Bulgarian artists plan bust of Reagan in Sofia’s South Park

The Union of Bulgarian Artists has announced a competition to choose a sculptor to produce a three-metre monument with a bust of late US president Ronald Reagan to be mounted at the entrance of South Park, one of the largest green spaces in capital city Sofia.

Plans are for the monument to Reagan, the 40th president of the US, to be installed by September 2016.

The bust is to be made of bronze and be 90cm high. It will be on a pedestal of stone.

Applicants have until April 25 to submit their proposals. A jury brought together by the Union of Bulgarian Arists will evaluate them on April 22 and select a winner. The artist will have three months from the signing of the contract to instal the monument.

The jury includes artists, architects, members of the citizens’ initiative that proposed the Reagan monument, a representative of the Bulgarian Foreign Ministry and of the US embassy in Sofia.

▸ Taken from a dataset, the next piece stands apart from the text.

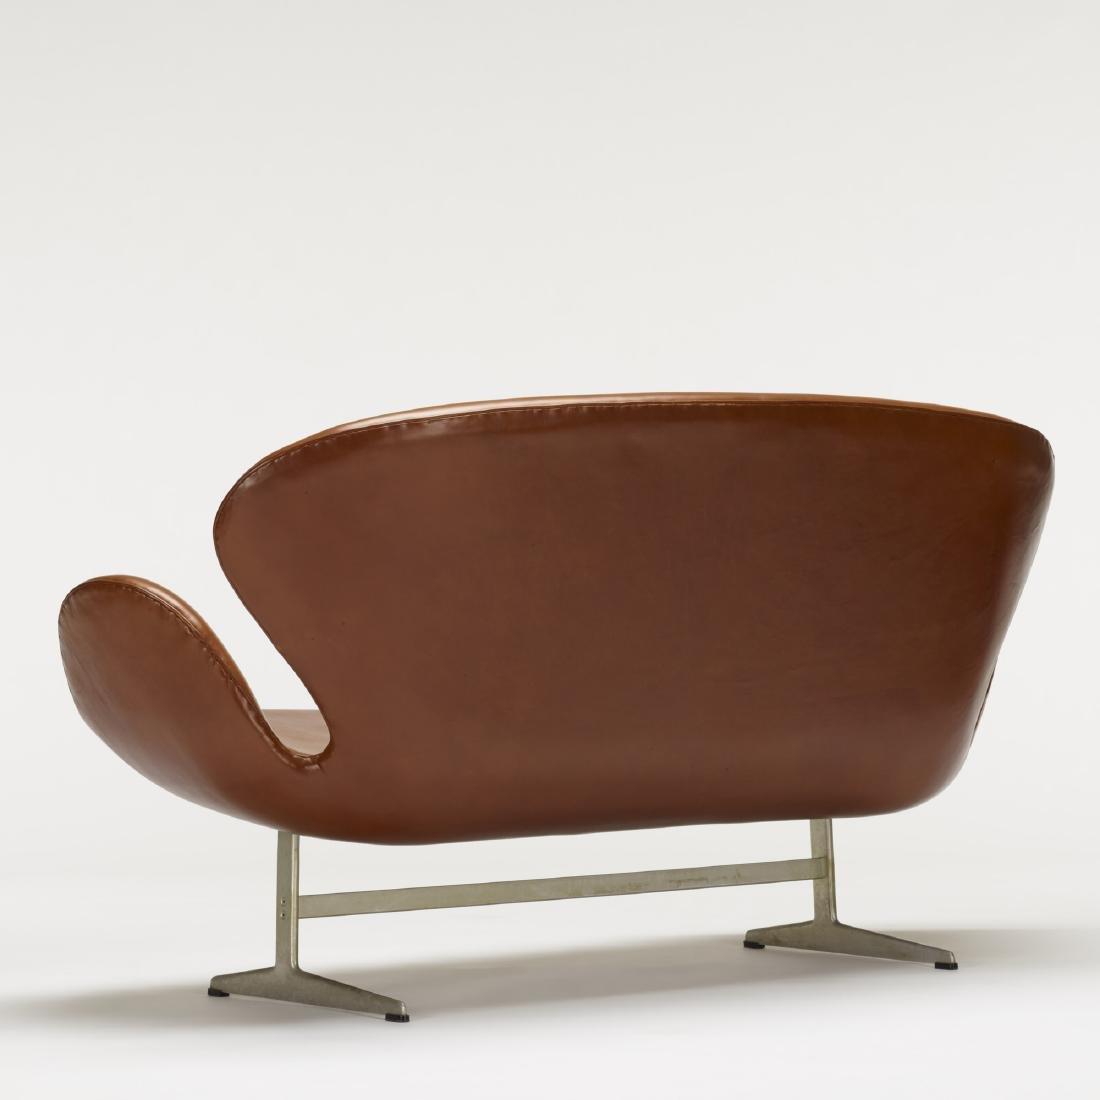 Arne Jacobsen, Swan settee, model 3321 - 4

The project has a budget of 30 000 leva (about 15 000 euro or $17 384), raised from donations.

The idea of the Reagan monument was initiated by a committee headed by Konstantin Arabadzhiev, a former mayor of the Student Town district of Sofia, from the centre-right Union of Democratic Forces, and now deputy head of the Consumer Protection Commission.

The idea initially was approved by Sofia municipal officials in February 2014. In 2011, on the centenary of Reagan’s birth, Sofia city council decided that the main avenue in South Park should be named after him.

Reagan, president of the US from January 1981 to January 1989, is revered among anti-communists in Eastern European countries such as Bulgaria that were part of the Soviet bloc, for the then-president’s firm stance towards the Kremlin during the Cold War.

In Bulgaria, where the fall of the Berlin Wall ultimately heralded freedom from decades of communist rule and the beginning of the country’s transition to democracy, Reagan is remembered for – among other things – his speech directed at Soviet leader Mihail Gorbachev in June 1987, as Gorbachev embarked on changes in the Soviet Union.

Speaking at the Brandenburg Gate in Berlin, Reagan said, “General Secretary Gorbachev, if you seek peace, if you seek prosperity for the Soviet Union and Eastern Europe, if you seek liberalisation, come here to this gate! Mr. Gorbachev, open this gate! Mr. Gorbachev, tear down this wall!”